Source data
==================================================

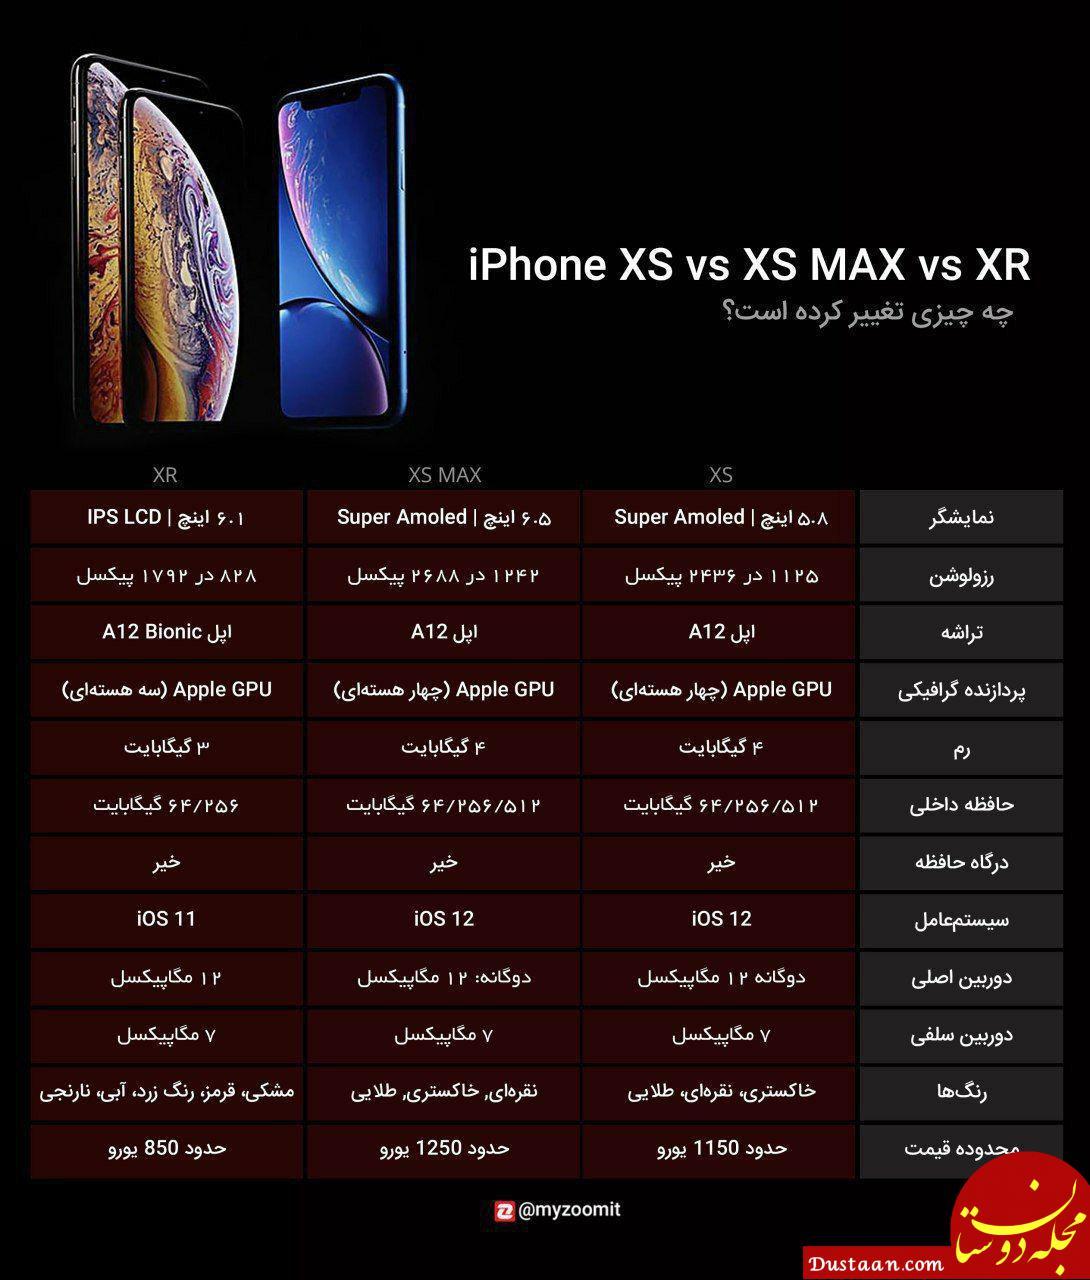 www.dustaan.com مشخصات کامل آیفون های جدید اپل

==================================================

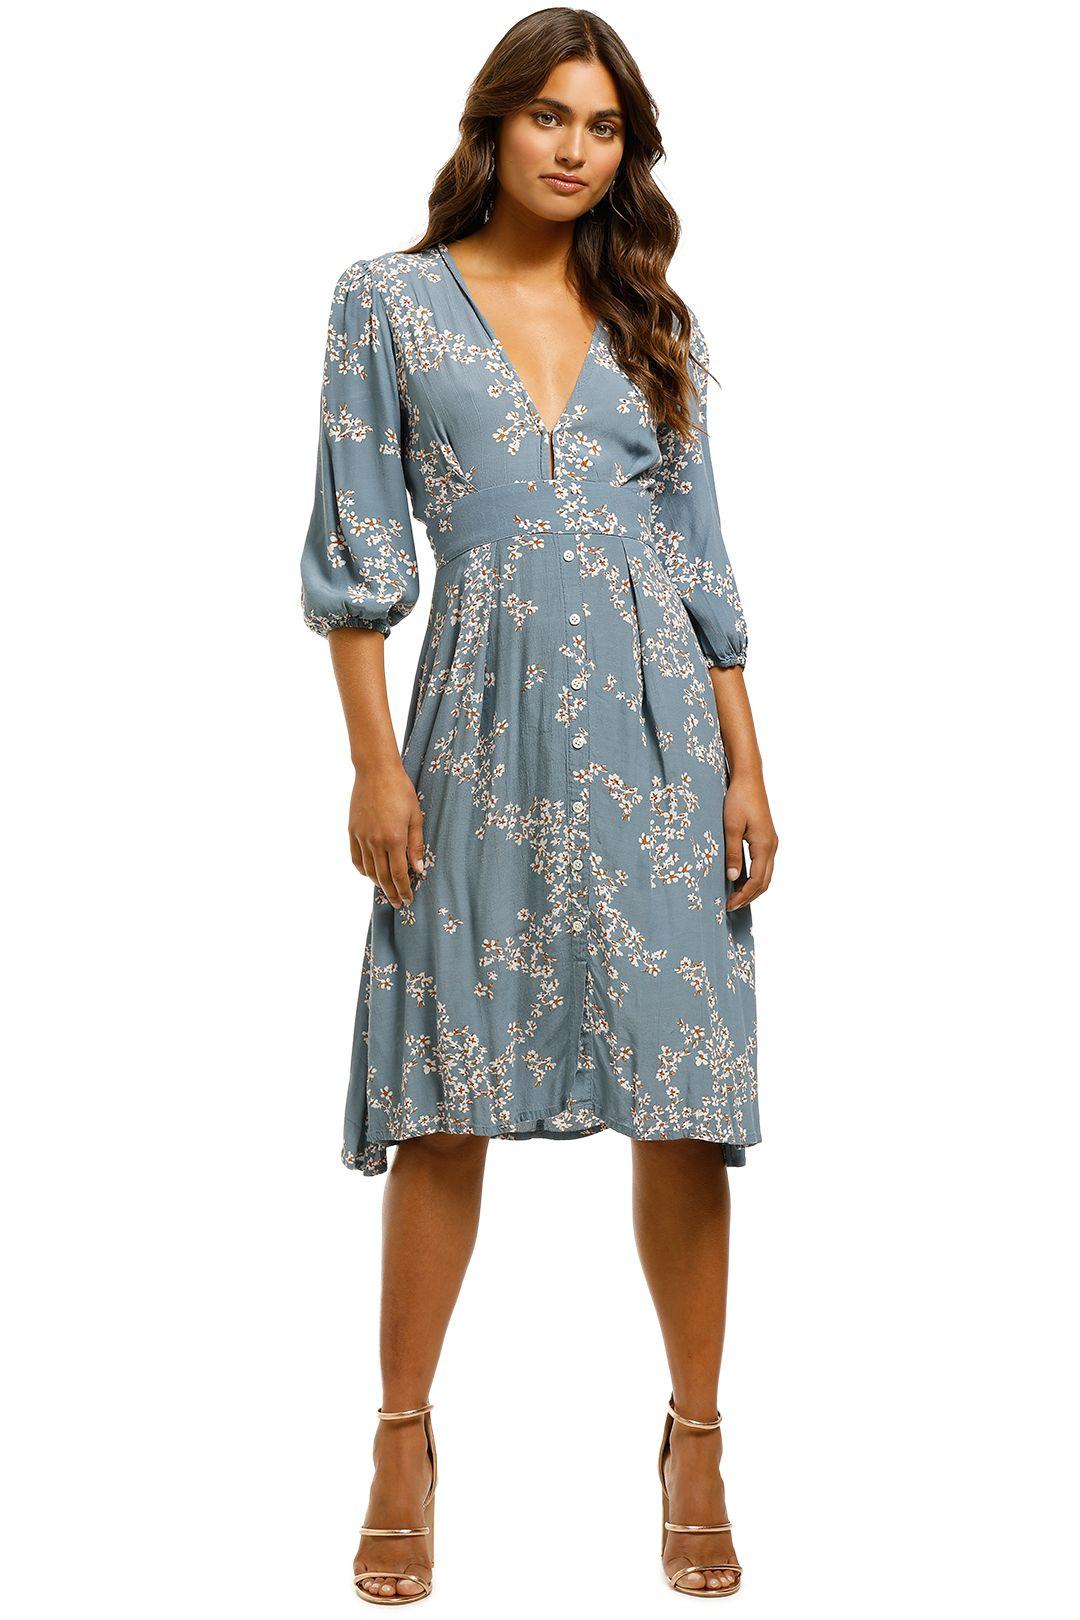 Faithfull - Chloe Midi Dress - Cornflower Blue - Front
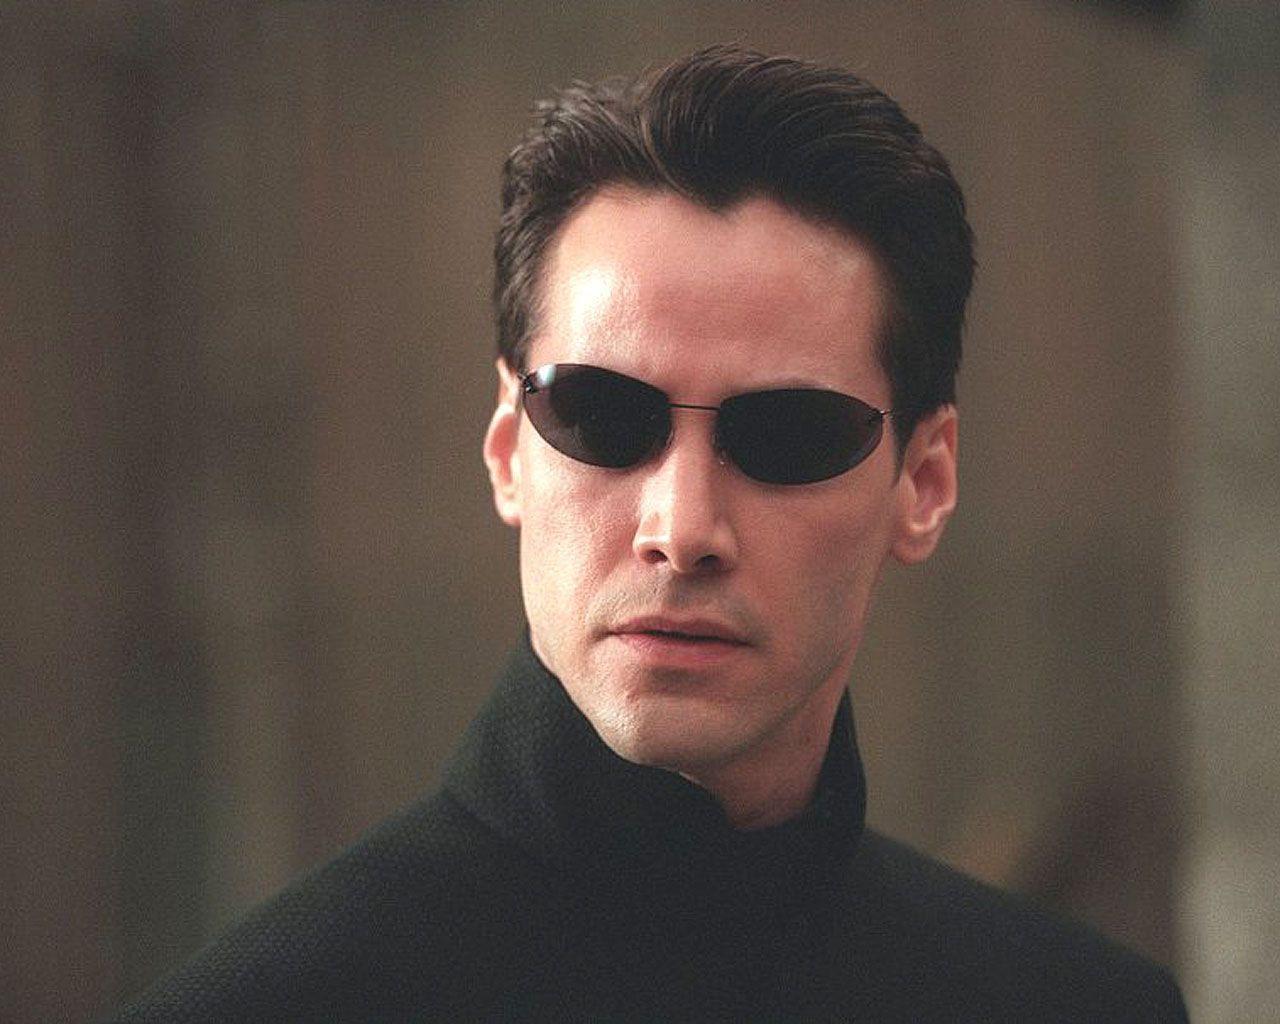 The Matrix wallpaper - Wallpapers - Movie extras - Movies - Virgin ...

==================================================

Task details
Look above for the line with "Faithfull - Chloe" and the line with "The Matrix wallpaper", then copy them and all lines in between exactly as written, and only those, without any pictures.

Result for this exercise
 Faithfull - Chloe Midi Dress - Cornflower Blue - Front
 The Matrix wallpaper - Wallpapers - Movie extras - Movies - Virgin ...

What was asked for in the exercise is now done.